In one embodiment, a respondent 106 can register other respondents or otherwise indicate a connection to one or more other respondents. A respondent may serve as a manager of other respondents and be responsible in various ways for those respondents. In many cases, a manager will personally know his or her subordinates and be able to supervise them outside of the system 200 through personal interaction. For example, a manager may be an adult that is responsible for a group of poor or at-risk teenagers. The manager may register all of his subordinate respondents and specify himself as their manager. He may then be rewarded if they subsequently perform well on tasks and penalized if they do not, as further described below. He may also have the power to enable or disable their working privileges at any time. For example, if one of his subordinate respondents engages in undesirable behavior, such as skipping school or using illegal drugs, the manager can temporarily halt his working privileges and prevent him from completing tasks or receiving rewards for a certain period of time. In one embodiment, a respondent may also indicate respondents that he or she knows, even if the relationship is not a managerial one.
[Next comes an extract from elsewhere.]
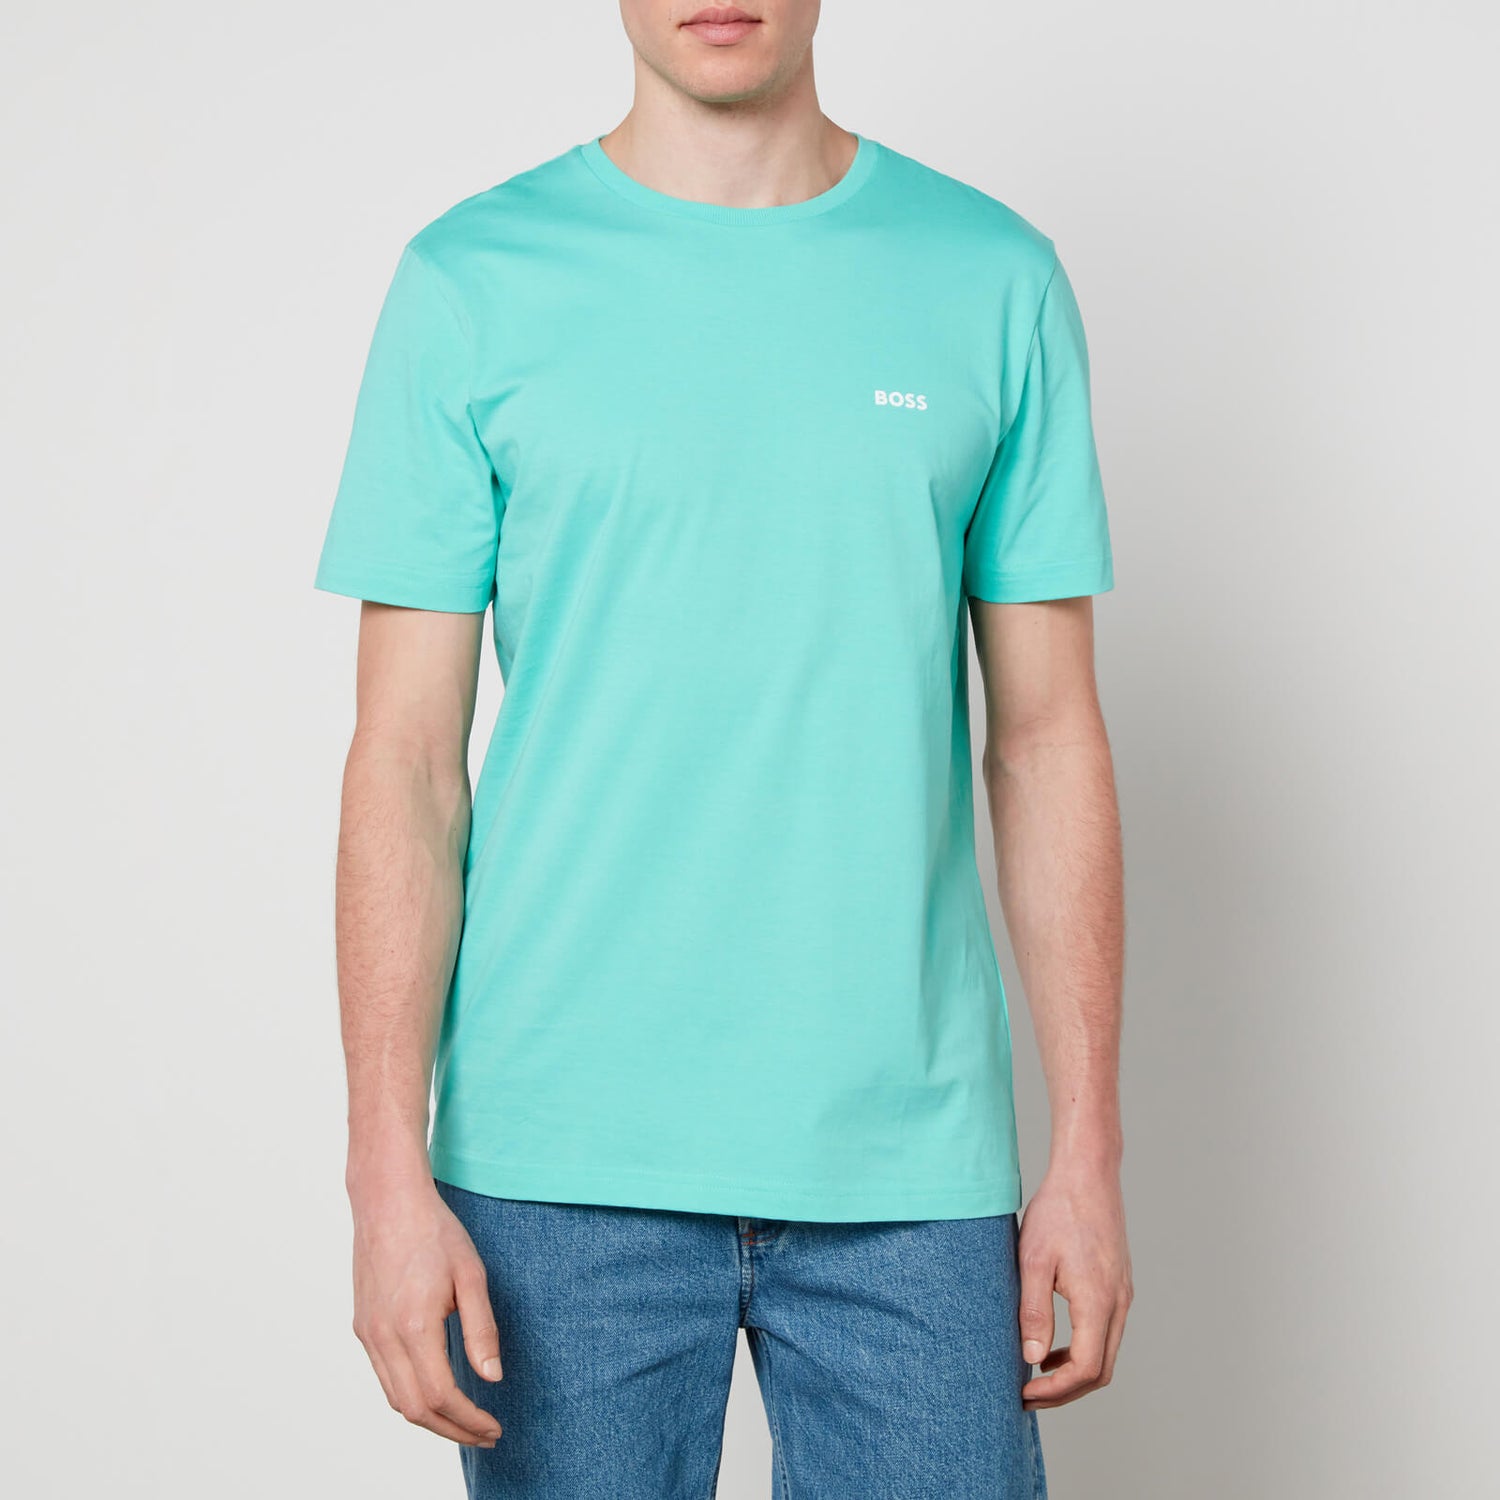 BOSS Tee 7 Cotton-Jersey Graphic T-Shirt - S
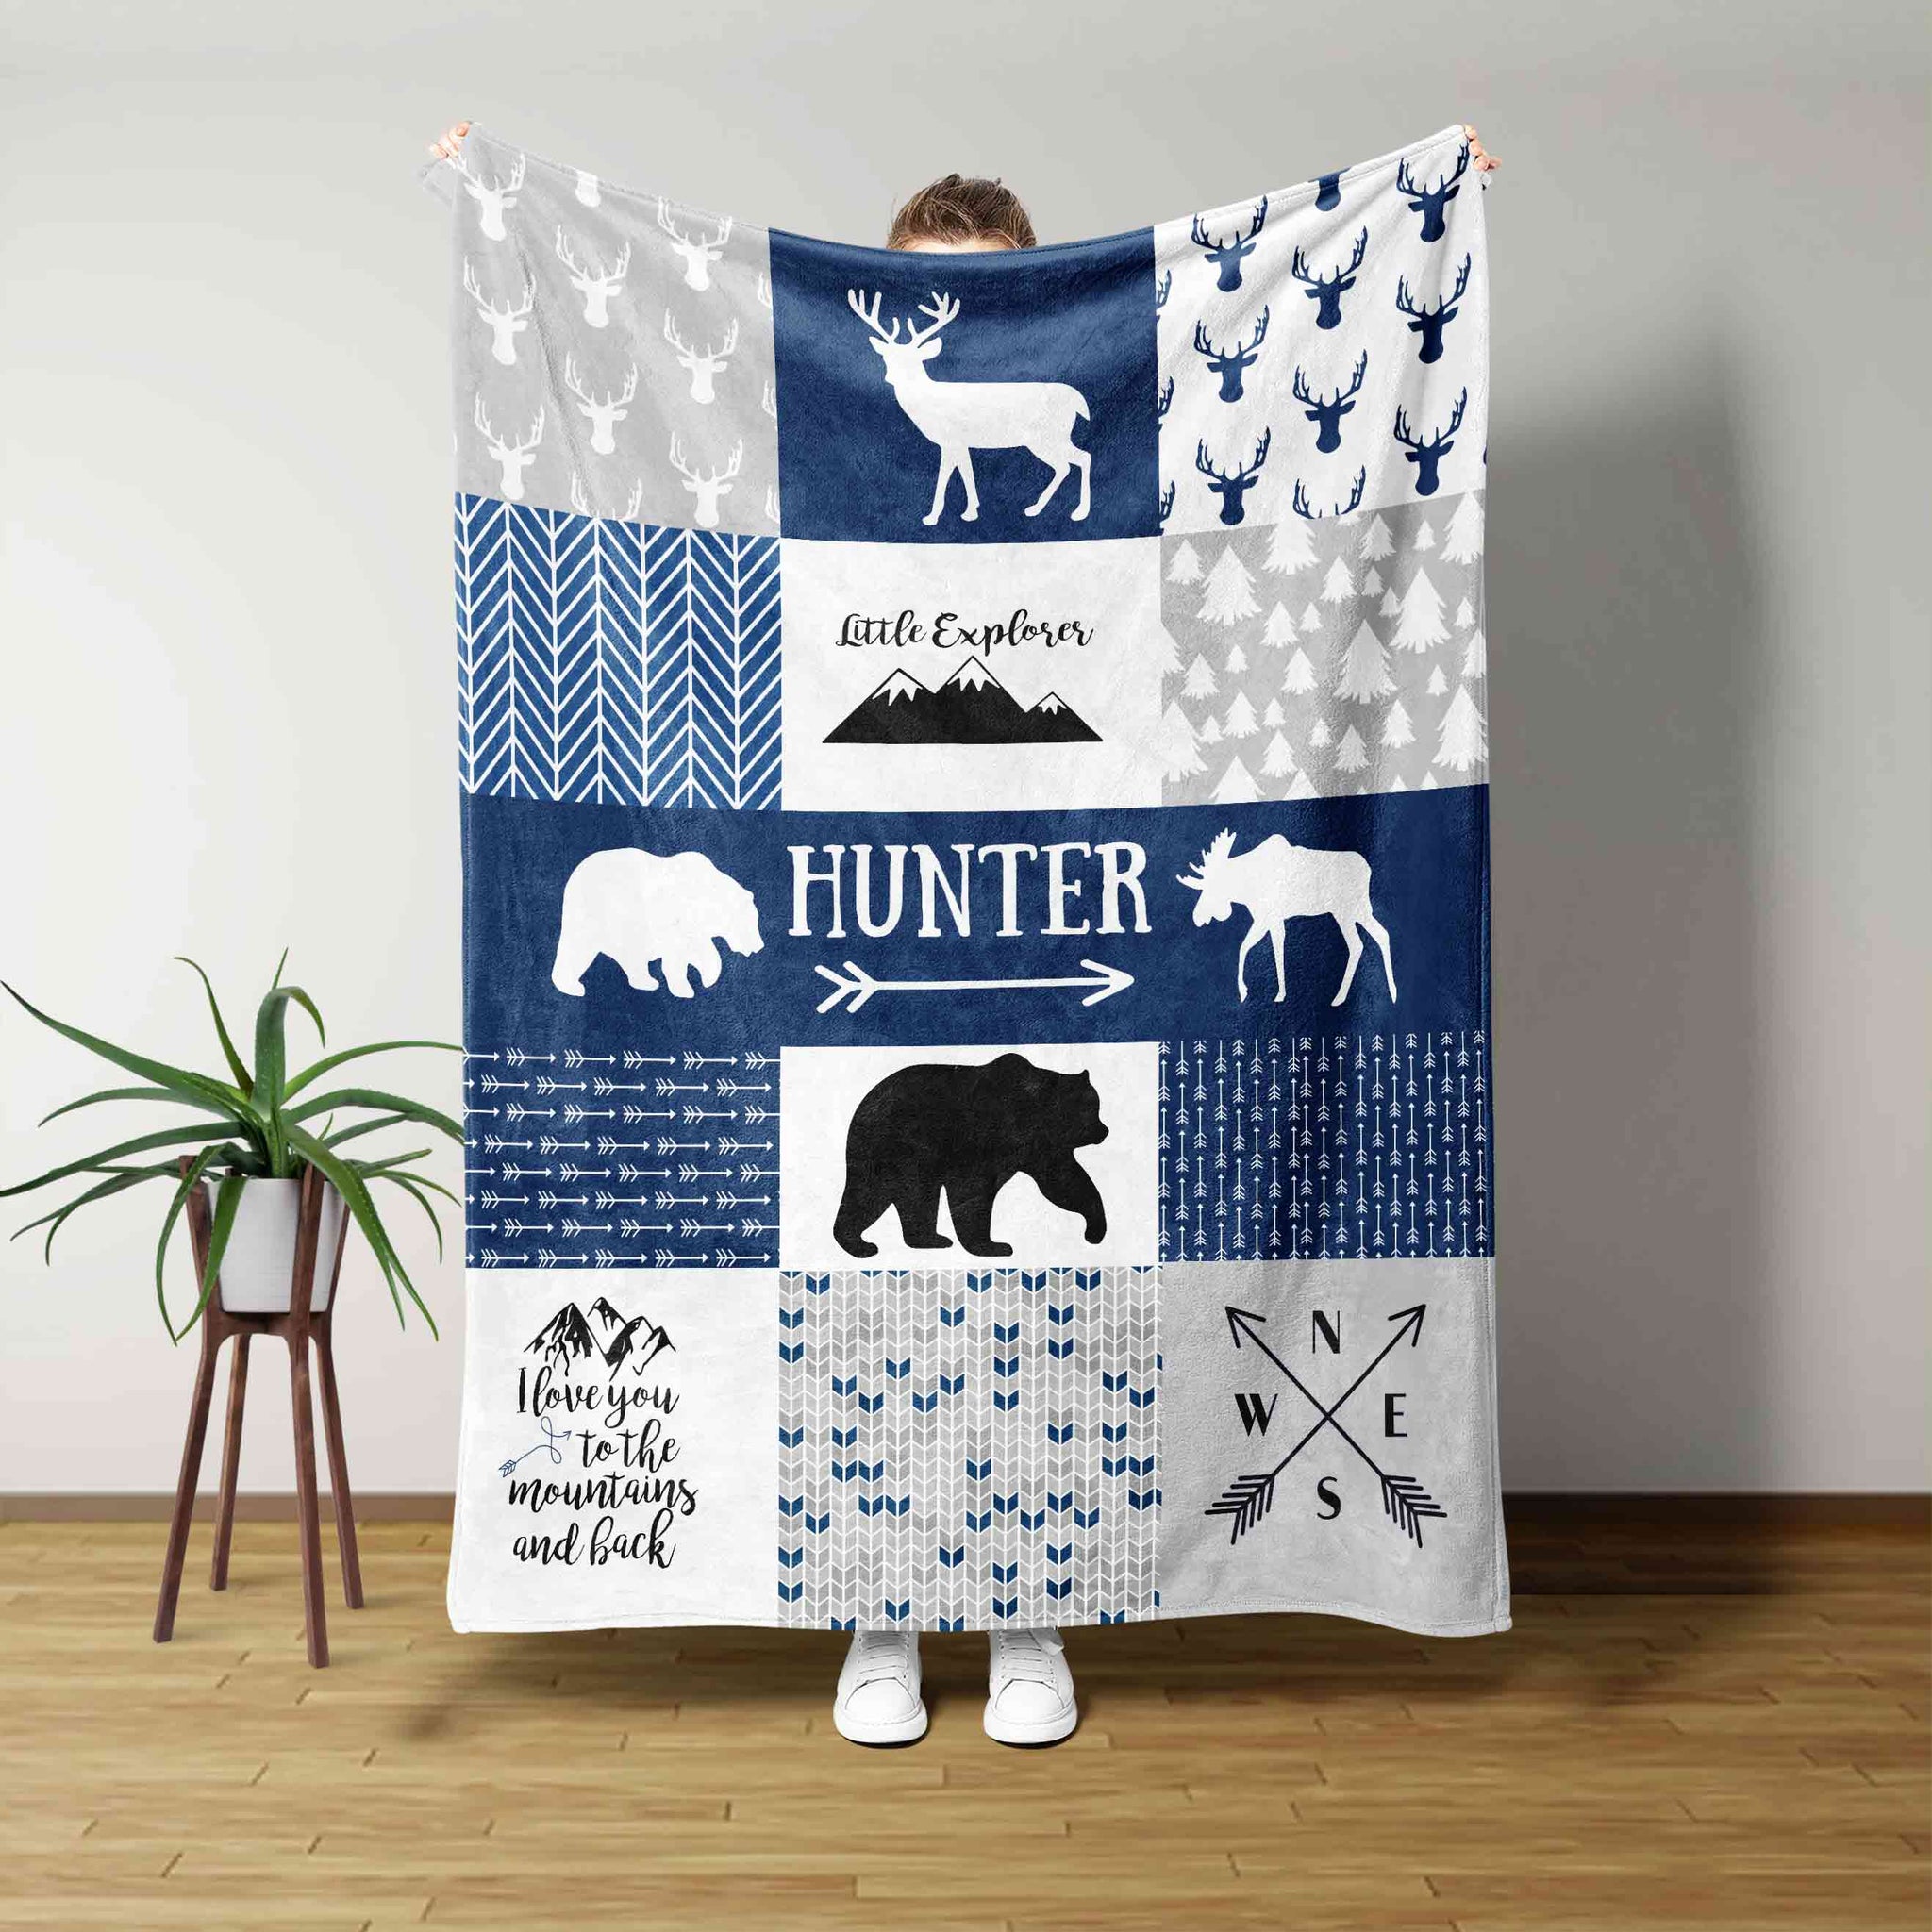 Personalized Name Blanket, Baby Blanket, Bear Blanket, Deer Blanket, Arrow Blanket, Winter Blanket, Gift Blanket

Information about personal relationships that are provided to the system 200 may be useful for task delegations and reward determinations. Since a manager may be rewarded or penalized based on the performance of subordinates, the manager may exert influence on subordinates to perform well and provide them with additional motivation. Also, the manager may be able to provide more details about the subordinates' skills and abilities to the system 200 to enable better delegation of tasks to the subordinates. Managers may also be motivated to recruit new respondents to perform tasks for the system 200. Information about non-managerial relationships may also be useful in task delegations, as some tasks may be designed to be worked on cooperatively by a group of respondents offline. In such a cooperative task, the rewards of all the involved respondents may depend on the quality of completion of the task, resulting in peer pressure among members of the group to perform well.
Returning to
Respondent groups to which the respondent belongs may also be stored in the respondent data storage. One type of group is a group formed by the associations discussed above. For example, a manager respondent and associated subordinate respondents may be considered a group. Another type of group is a group that is formed based on commonalities in registration information. For example, respondents living in the same city may be placed in a particular group even though they do not indicate knowing each other during registration. Respondents of similar ages, respondents having similar skills, and respondents having other similar traits may be placed into groups. Groups may be useful for task delegation purposes as described further below.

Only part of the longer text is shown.